Contextual indicators point to a sector that, while challenged, is recovering and adapting. Between 2020 and 2021, tourist accommodation establishments registered a 19.3% increase in arrivals, with inbound tourism accounting for 58.8% of those arrivals and domestic tourism 12.2%. Initiatives such as the “Great Domestic Tourism Season,” launched in 2023 and reinforced by subsequent regional activations — including the third edition staged on 19 July in Tenkodogo — have helped stimulate local visitation and build domestic demand for national sites.

Burkina Faso’s cultural inventory includes four UNESCO-listed entries that provide strong storylines for international coverage: the Ruins of Loropéni; the W-Arly-Pendjari parks complex; Ancient Iron Metallurgy Sites; and the Royal Court of Tiébélé, inscribed on 26 July 2024. Security constraints have limited access to some areas, but proximate, accessible attractions around Ouagadougou — notably Laongo — continue to draw visitors and photographic coverage, making them logical focal points for early press narratives.

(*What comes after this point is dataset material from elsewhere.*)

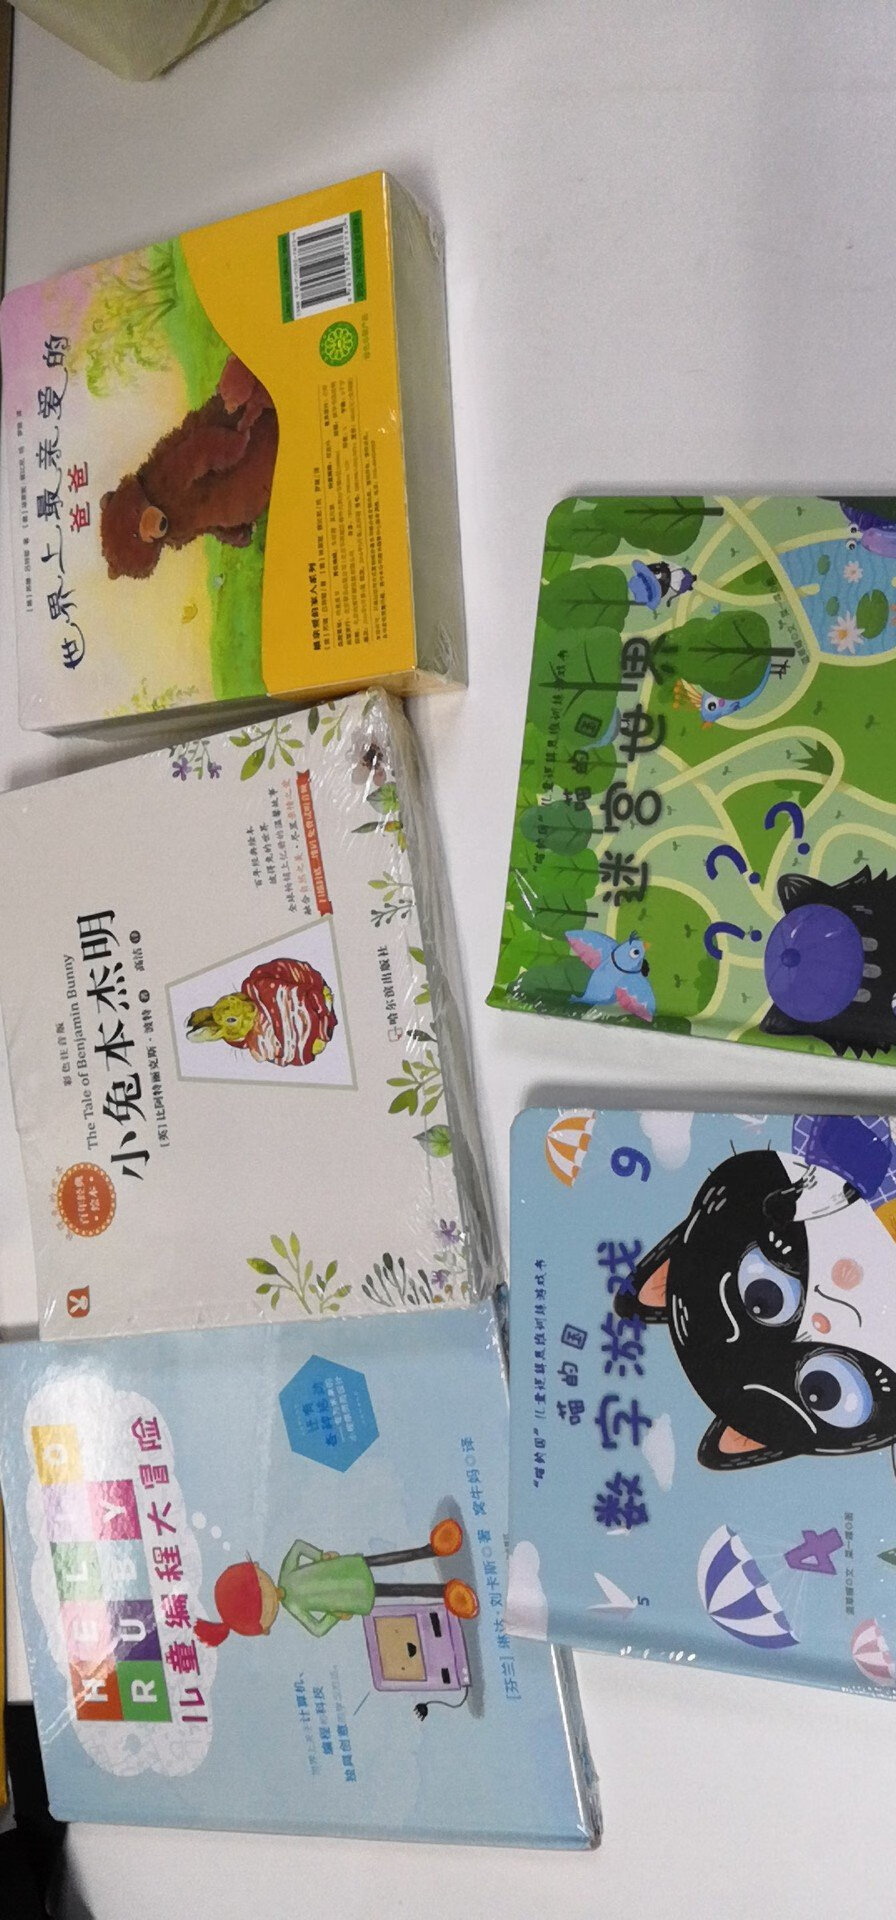 99旋舞里买的，参加活动的这套书有两本，一本绿的，一本蓝的两本都买了，是纸板书，让宝宝玩儿的锻炼逻辑思维的，走迷宫之类的。

Practical connectivity supports inbound visitation. Major air links serve Ouagadougou and Bobo-Dioulasso, with direct services from European and African cities including Paris, Abidjan, Dakar, Algiers, Lomé and Cotonou via carriers such as Air France, Corsair, Turkish Airlines, Ethiopian Airlines, Royal Air Maroc, Air Burkina and Air Côte d’Ivoire. Additional routings remain available through hub connections in Casablanca, Istanbul and Abidjan.

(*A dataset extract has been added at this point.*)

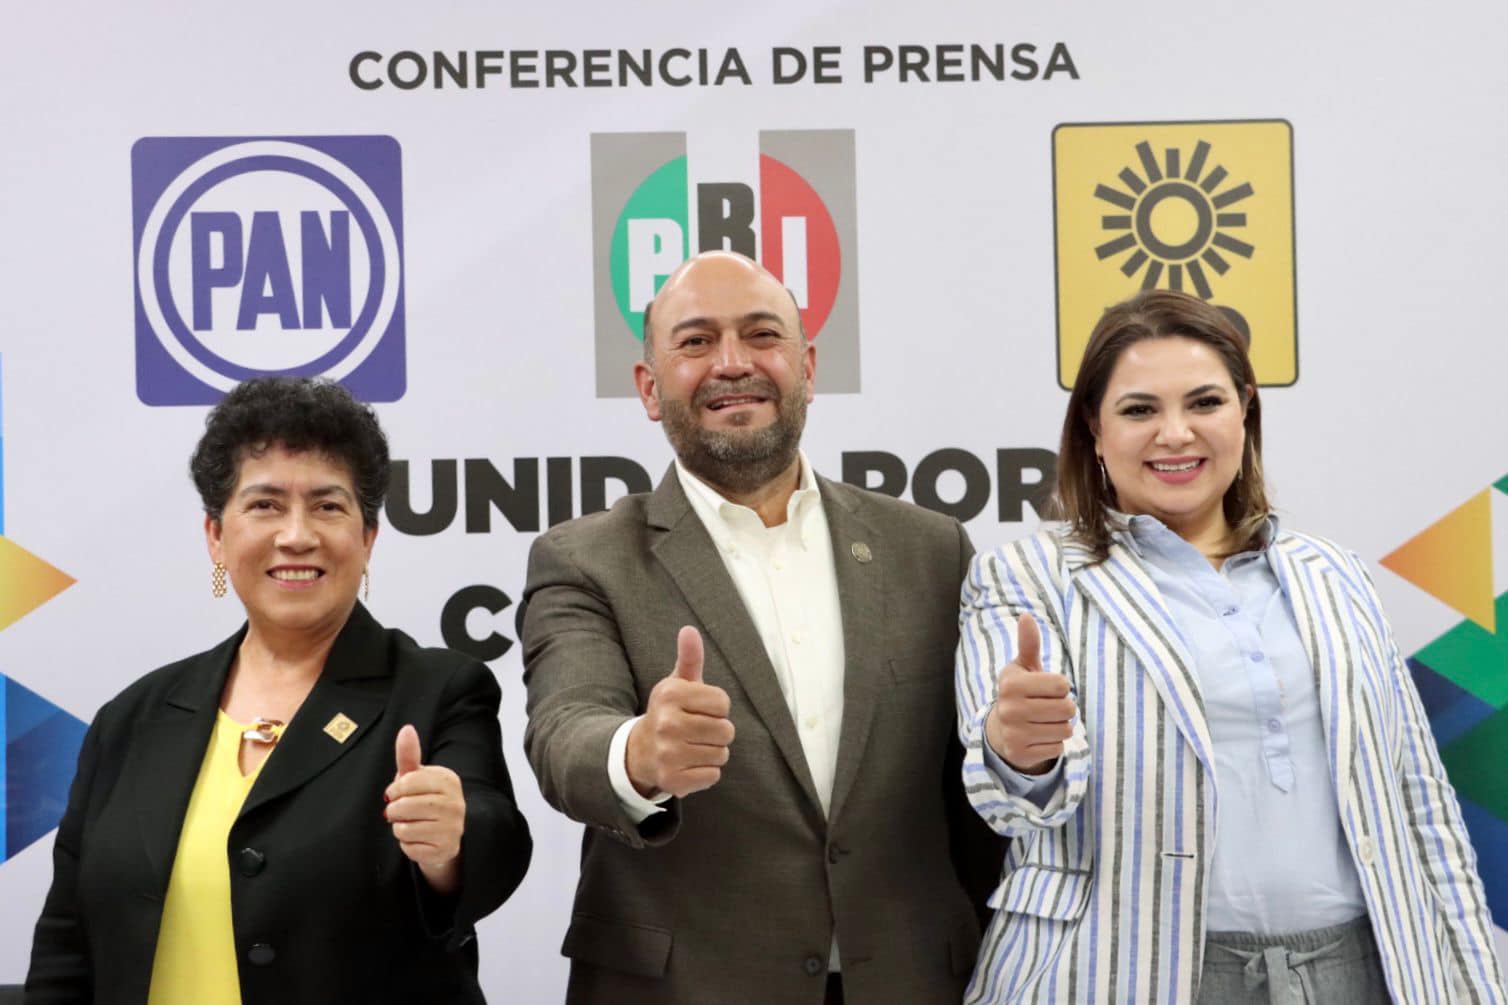 PRI, PAN y PRD van en unidad por gubernatura de Coahuila en 2023

Organisers have put reception structures in place to facilitate delegations: Reception, Transport and Logistics Commissions will coordinate movements and itineraries, while an Accommodation and Catering Commission has been tasked with ensuring hospitality standards and the needs of both international and domestic participants. These arrangements are intended to provide a smooth operational backbone so that meetings, B2B sessions and site visits proceed with predictable logistics and security measures.
For local stakeholders the event’s value is concrete. SITHO 2025 creates avenues for increased visibility and commercial exchange for craft producers, hospitality suppliers, event organisers and agrifood processors; the hackathon and pitching sessions are explicitly designed to surface investible tourism products and strengthen public-private collaboration. Institutional partners involved in the mobilisation include the Chamber of Commerce and Industry of Burkina Faso (CCI-BF), the Fonds de Développement du Cinéma et du Tourisme (FDCT), ECOWAS, the European Union and the Maison de l’Entreprise, among others.
As the familiarization tour demonstrates, media participation is not ancillary but central to SITHO’s ambitions. By equipping journalists with direct experience of key sites, cultural practices and local cuisine, the organisers seek to broaden narrative control, correct misperceptions, and generate the kinds of informed, practical coverage that can translate into increased visitation and partnerships. For professionals and the public alike, the fair offers both a marketplace and a moment to reassess how tourism can contribute to economic resilience and regional integration in the Sahel.
SITHO 2025 therefore arrives as a test of strategy as much as a showcase: whether the combined force of targeted media engagement, digital innovation and diplomatic outreach can convert lived experience into sustained interest and measurable business for Burkina Faso’s tourism sector.